■ **What to do**:
Please copy the data exactly as it stands, minus the images.

■ **Provided data**:
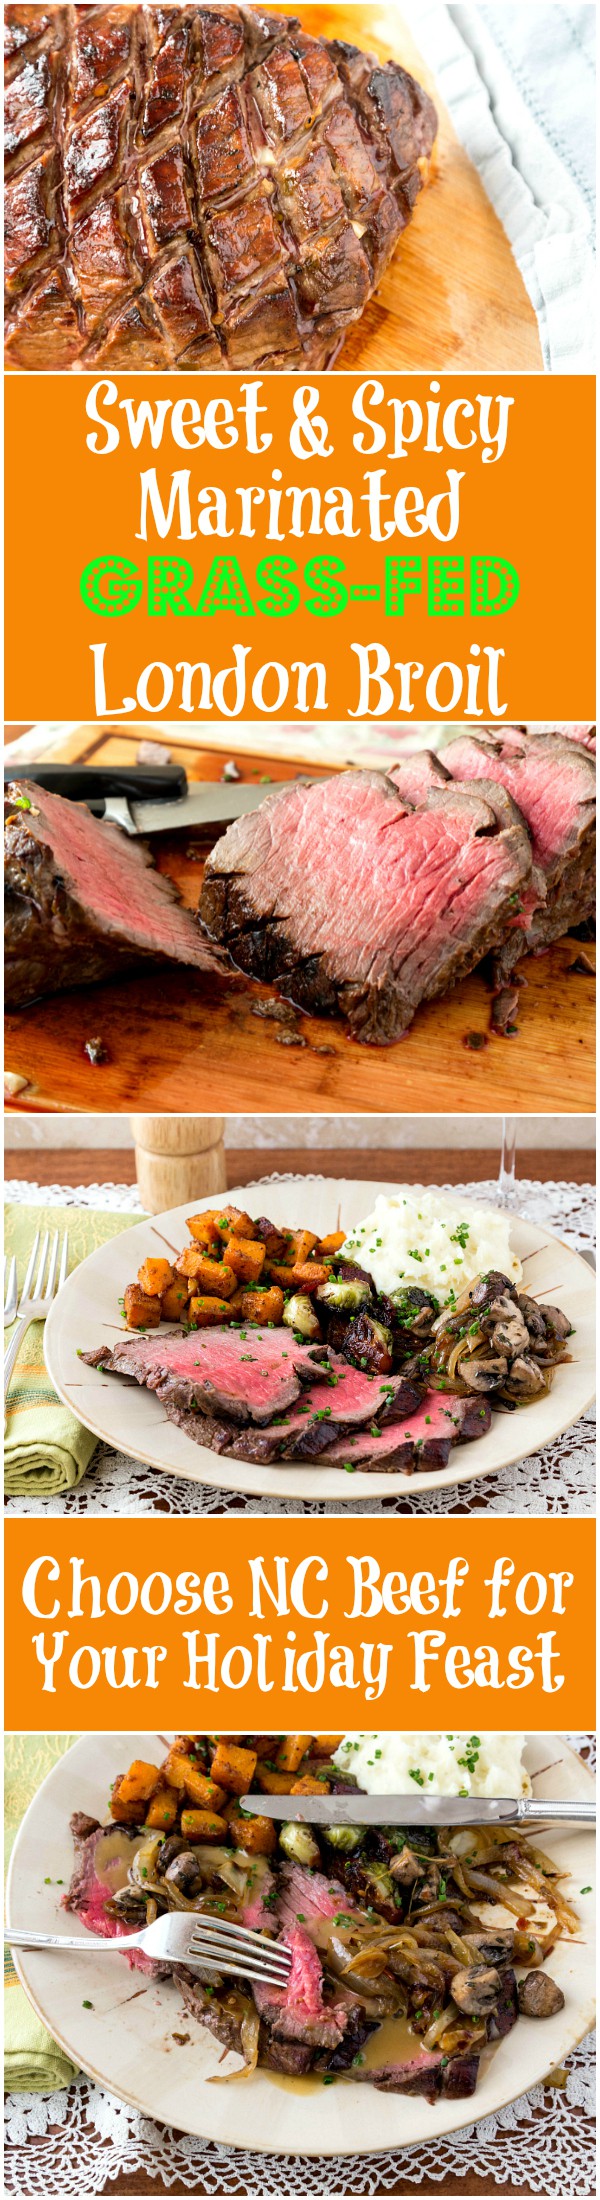 Collage of photos of beef with text reading: "Sweet & Spicy Marinated Grass-fed London Broil" and then "Choose NC Beef for Your Holiday Feast".
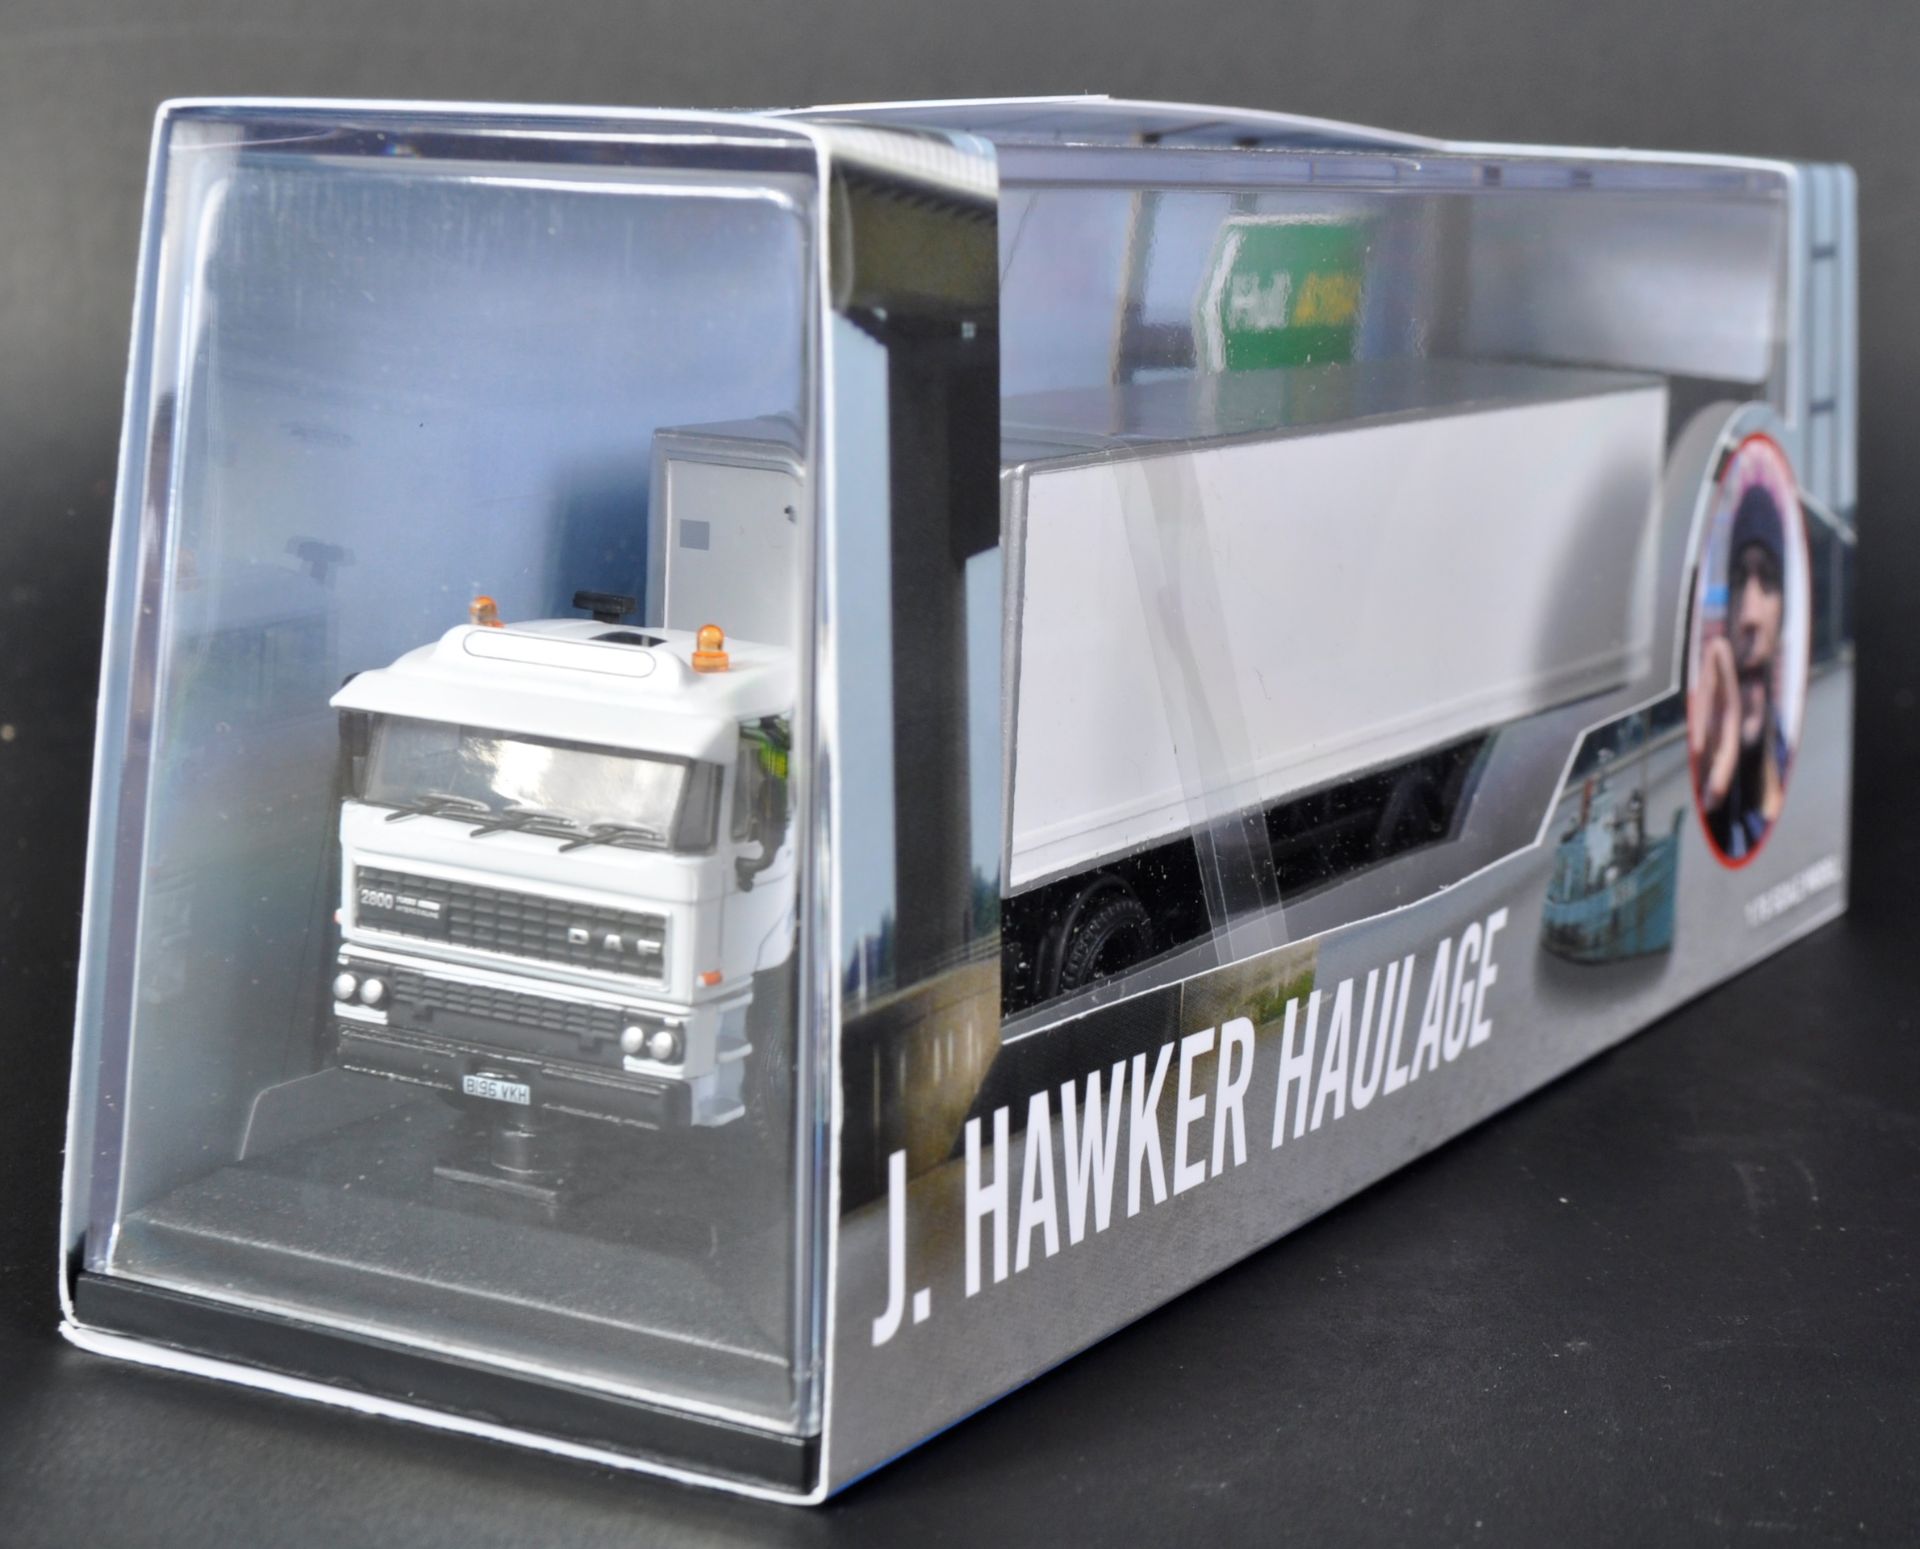 ONLY FOOLS & HORSES - 1/76 SCALE AUTOGRAPHED LORRY DIECAST MODEL - Image 2 of 6
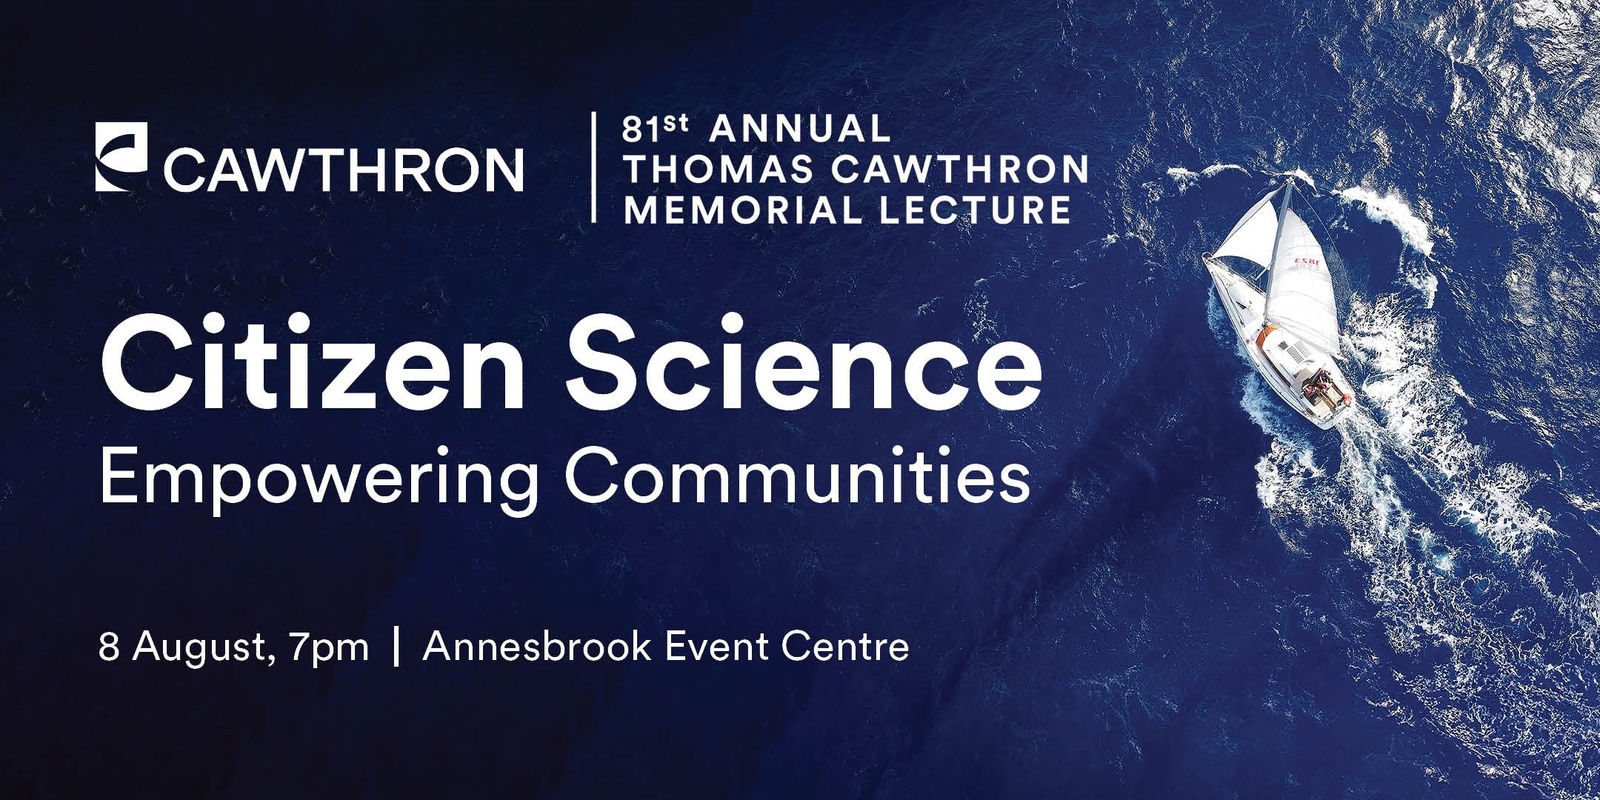 Banner image for 81st Annual Thomas Cawthron Memorial Lecture 
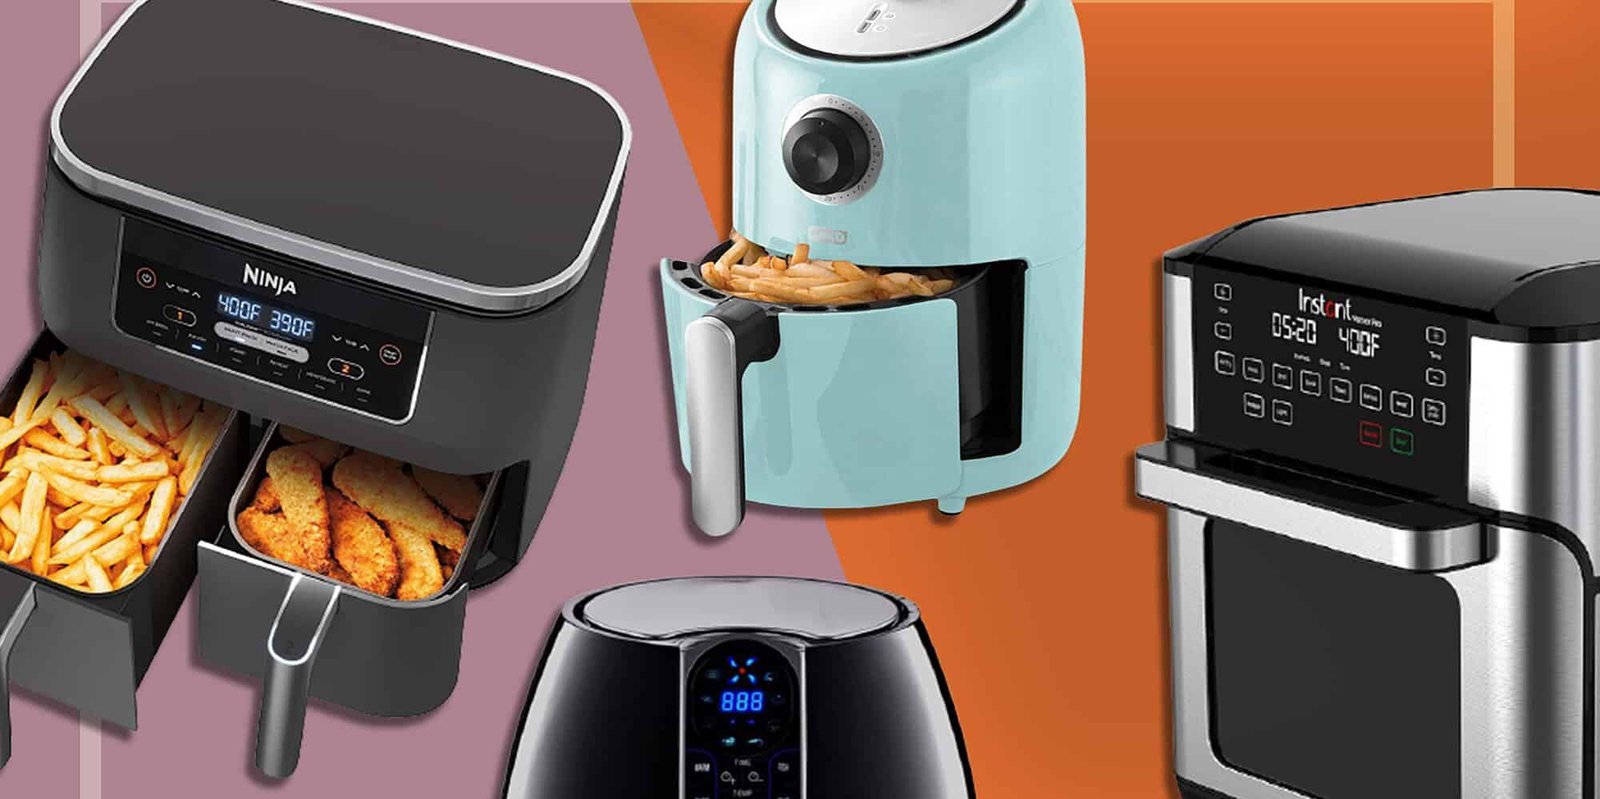 8 Best Air Fryers 2021 According To Reviews Home Chef Ninja

■ **Solution to the exercise**:
 Collage of photos of beef with text reading: "Sweet & Spicy Marinated Grass-fed London Broil" and then "Choose NC Beef for Your Holiday Feast".
 ONLY FOOLS & HORSES - 1/76 SCALE AUTOGRAPHED LORRY DIECAST MODEL - Image 2 of 6
 Banner image for 81st Annual Thomas Cawthron Memorial Lecture 
 8 Best Air Fryers 2021 According To Reviews Home Chef Ninja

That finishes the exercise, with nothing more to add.